本文介绍了一个关于小熊Limak的游戏策略问题。Limak拥有五张卡片,每张卡片上写有一个正整数。文章探讨了如何通过丢弃相同数值的两张或三张卡片来最小化剩余卡片上的数字之和的方法。
A little bear Limak plays a game. He has five cards. There is one number written on each card. Each number is a positive integer.
Limak can discard (throw out) some cards. His goal is to minimize the sum of numbers written on remaining (not discarded) cards.
He is allowed to at most once discard two or three cards with the same number. Of course, he won't discard cards if it's impossible to choose two or three cards with the same number.
Given five numbers written on cards, cay you find the minimum sum of numbers on remaining cards?
The only line of the input contains five integers t1, t2, t3, t4 and t5 (1 ≤ ti ≤ 100) — numbers written on cards.
Print the minimum possible sum of numbers written on remaining cards.
7 3 7 3 20
26
7 9 3 1 8
28
10 10 10 10 10
20
In the first sample, Limak has cards with numbers 7, 3, 7, 3 and 20. Limak can do one of the following.

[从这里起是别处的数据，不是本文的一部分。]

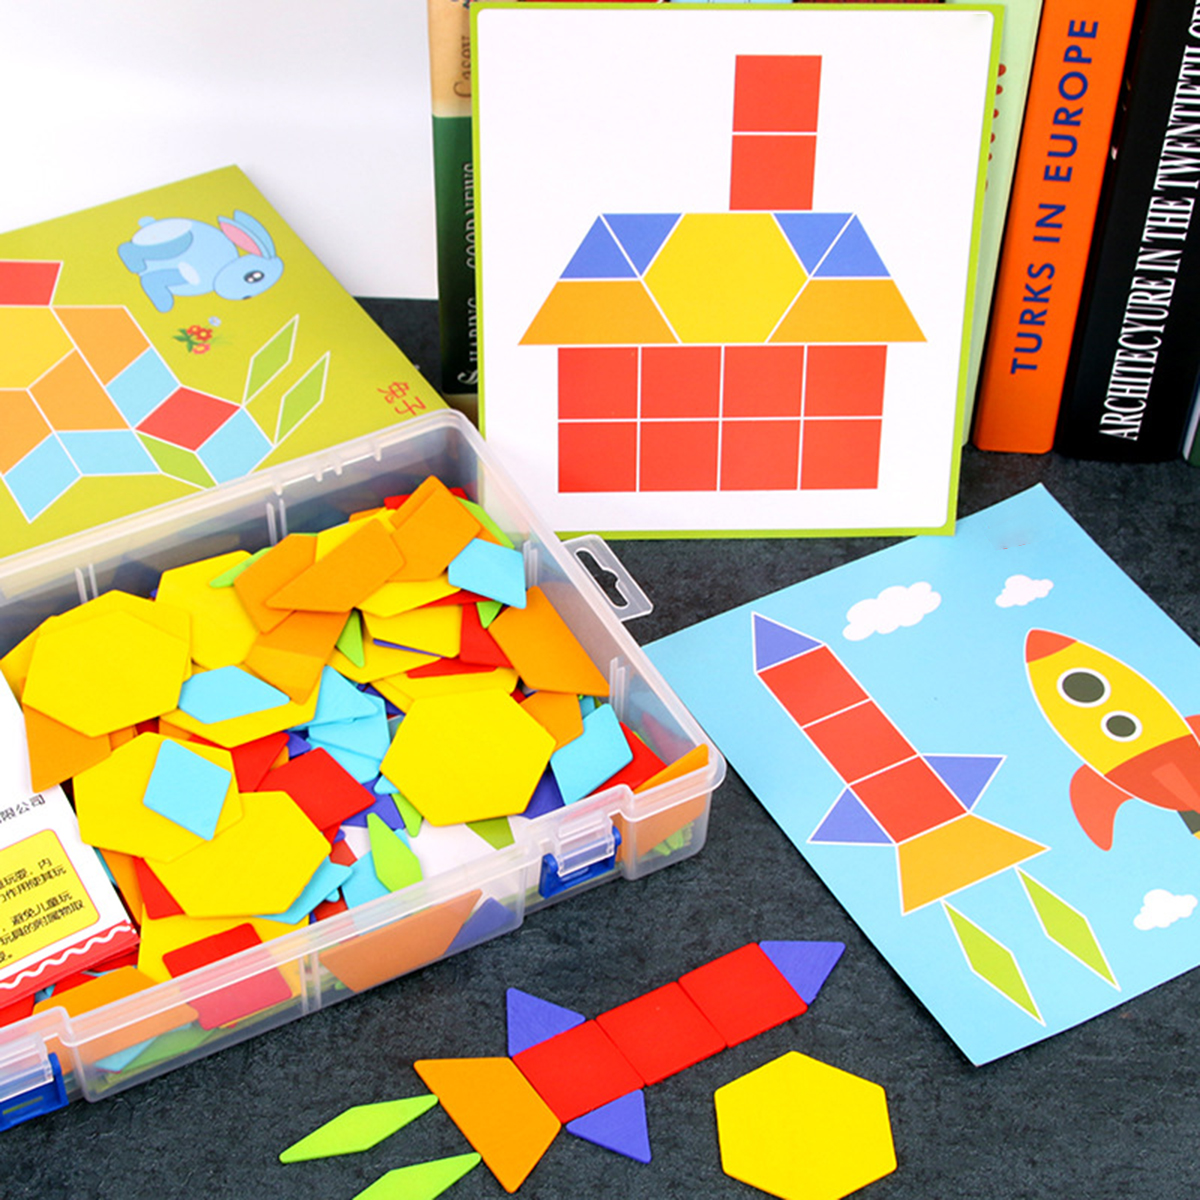 170PCS-Wooden-IQ-Game-Jigsaw-Early-Learning-Educational-Tangram-Puzzle-Kid-Toy-1607821-7

- Do nothing and the sum would be 7 + 3 + 7 + 3 + 20 = 40.
- Remove two cards with a number 7. The remaining sum would be 3 + 3 + 20 = 26.
- Remove two cards with a number 3. The remaining sum would be 7 + 7 + 20 = 34.
You are asked to minimize the sum so the answer is 26.
In the second sample, it's impossible to find two or three cards with the same number. Hence, Limak does nothing and the sum is7 + 9 + 1 + 3 + 8 = 28.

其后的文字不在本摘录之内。